La muerte de Marat / Jacques-Louis David / 1793

Sin embargo, la intención de esos autorretratos queda clara en el texto humorístico que Bayard deja manuscrita en el reverso de uno de los autorretratos y que arranca y sintetizo así: «Este cadáver que ustedes ven es el del señor Bayard, inventor del procedimiento que acaban ustedes de presenciar…» que, sin embargo «no le ha rendido ni un céntimo» por lo que «el desdichado decidió ahogarse» para acabar en la morgue donde «desde hace varios días nadie le ha reconocido ni reclamado». Hasta concluir: «Damas y caballeros, será mejor que pasen ustedes de largo por temor a ofender su sentido del olfato pues, como pueden observar, el rostro y las manos del caballero comienzan a descomponerse». He aquí pues, a un fotógrafo «que ha sucumbido literalmente a la fotografía, destinado a retornar siempre con la noticia de su propio suicidio por haber inventado el medio mismo que permite su retorno» disfrutando «una nada envidiable inmortalidad, la existencia zombie del muerto viviente» (4).

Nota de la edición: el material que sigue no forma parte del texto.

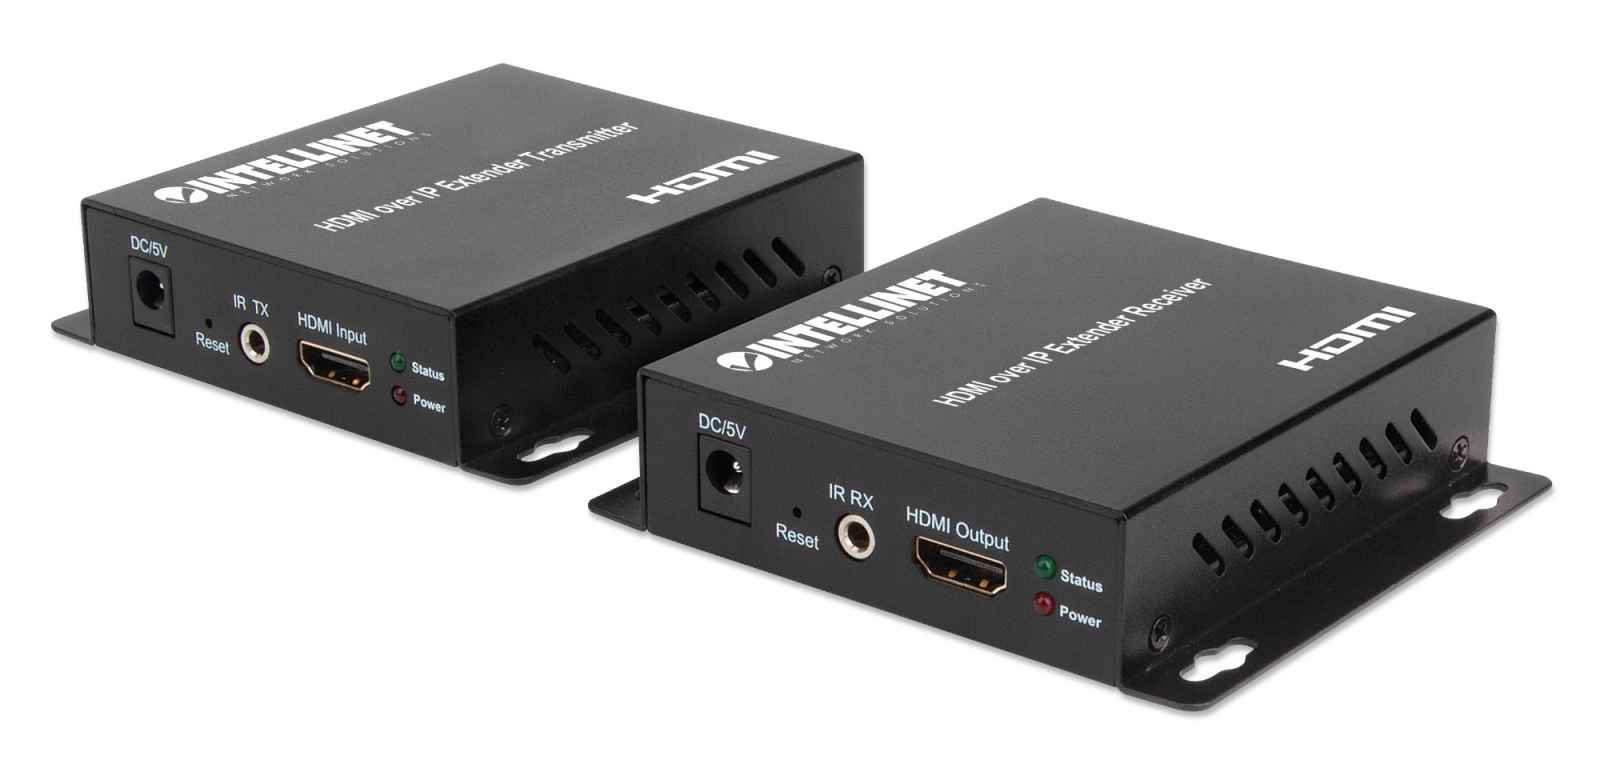 Kit extensor / extender inalámbrico para HDMI - Transmisor hasta

Una auténtica performance conceptual que -perpetrada con una extraordinaria capacidad visionaria en 1840- proclama el carácter ficticio, engañoso, de la fotografía y declara el artificio de lo que vemos depositando en el pie de foto el sentido de la imagen en un texto que juega con ella a poner en duda la distinción supuesta entre lo real y lo figurativo anunciando, además, los discursos teóricos -Benjamin, Barthes…- que vendrán décadas después a teorizar la fotografía como, precisamente, el ambalsamamiento de un instante y una experiencia de muerte. El hecho de que lo haga posando con los ojos cerrados -es decir, como un ciego- remata brillantemente la ironía precozmente metafotográfica de una serie de autorretratos que, ya en 1840, alzan una cima en la historia de la fotografía entendida como un sistema de representaciones que pueden orquestarse, escenografiarse y cargarse conceptualmente a priori jugando a desmentir la presunta -e imposible- realidad que dice aparentar: la construcción visual de un suicidio que nunca existió.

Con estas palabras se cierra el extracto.